2 Pa. 93 | Pa. | 1845
— The first question in this case arises upon the bill of exceptions taken by the plaintiff to the decision of the court below, that Wm. L. Sebring might testify to every fact of which he had a knowledge, and which knowledge he did not learn from sheriff Sleckel as his counsel. There does not appear to be any error in this.

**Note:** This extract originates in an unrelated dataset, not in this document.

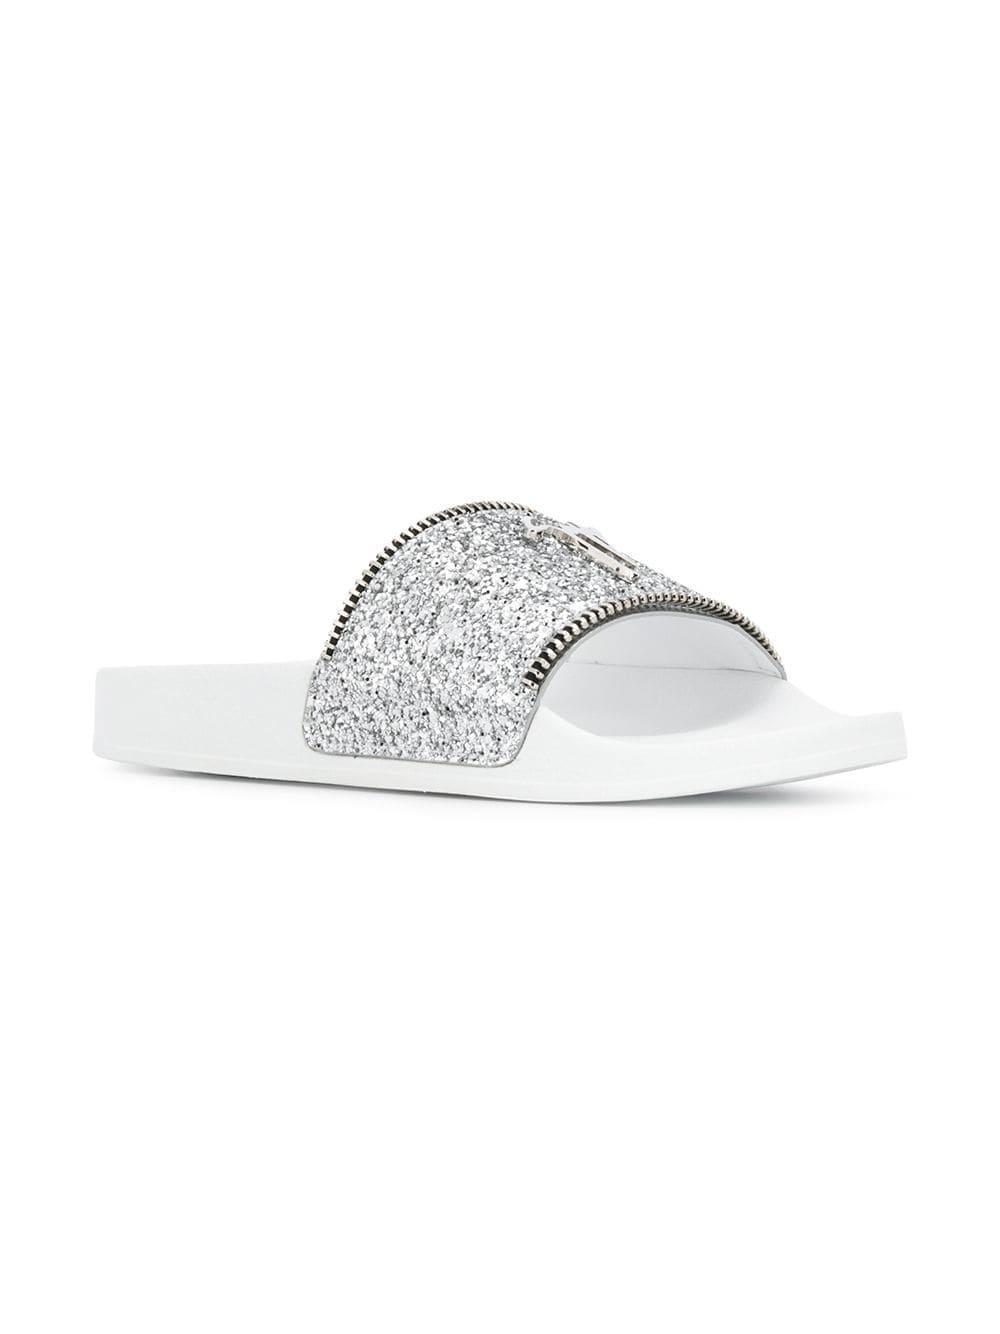 b3a1c19da Lyst - Giuseppe Zanotti Silver Glitter Blytter Slides in Metallic ...

We think it clear, however, that the court erred in their charge to the jury in stating, (for such seems to be the tendency of the charge,) that to constitute trespass by the sheriff, it is necessary he should touch the property, or take it into possession, or do some act operating upon the body of the property, or cause it to be done; and that the sheriff’s return was only evidence against the defendant, that he took possession of the property attached, but not conclusive. In the first place, it is well established by the authorities cited, that the sheriff’s return in a cause is, as between the parties, conclusive against him, so that he cannot contradict it by parol evidence. In this suit, the return of Steckel was, therefore, conclusive evidence against him. In the next place, it is not necessary to constitute trespass by an officer who executes a writ of attachment on chattels, to prove any manual handling of the property, or taking them into possession. The levying of the attachment may be done without these acts, and the property be fully bound by it, and be in the officer’s power and possession, and the owner divested of the possession. Trespass de bonis asportatis against a sheriff is maintained by proof that he unlawfully exercised an authority over the chattels against the will, and to the exclusion of the owner, though there was no manual taking or -removal when he took them under process of law, and by virtue of his office. Miller v. Baker, 1 Metcalf, 27; Gibbs v. Chase, 10 Mass. 128.
Judgment reversed, and venire facias de novo awarded.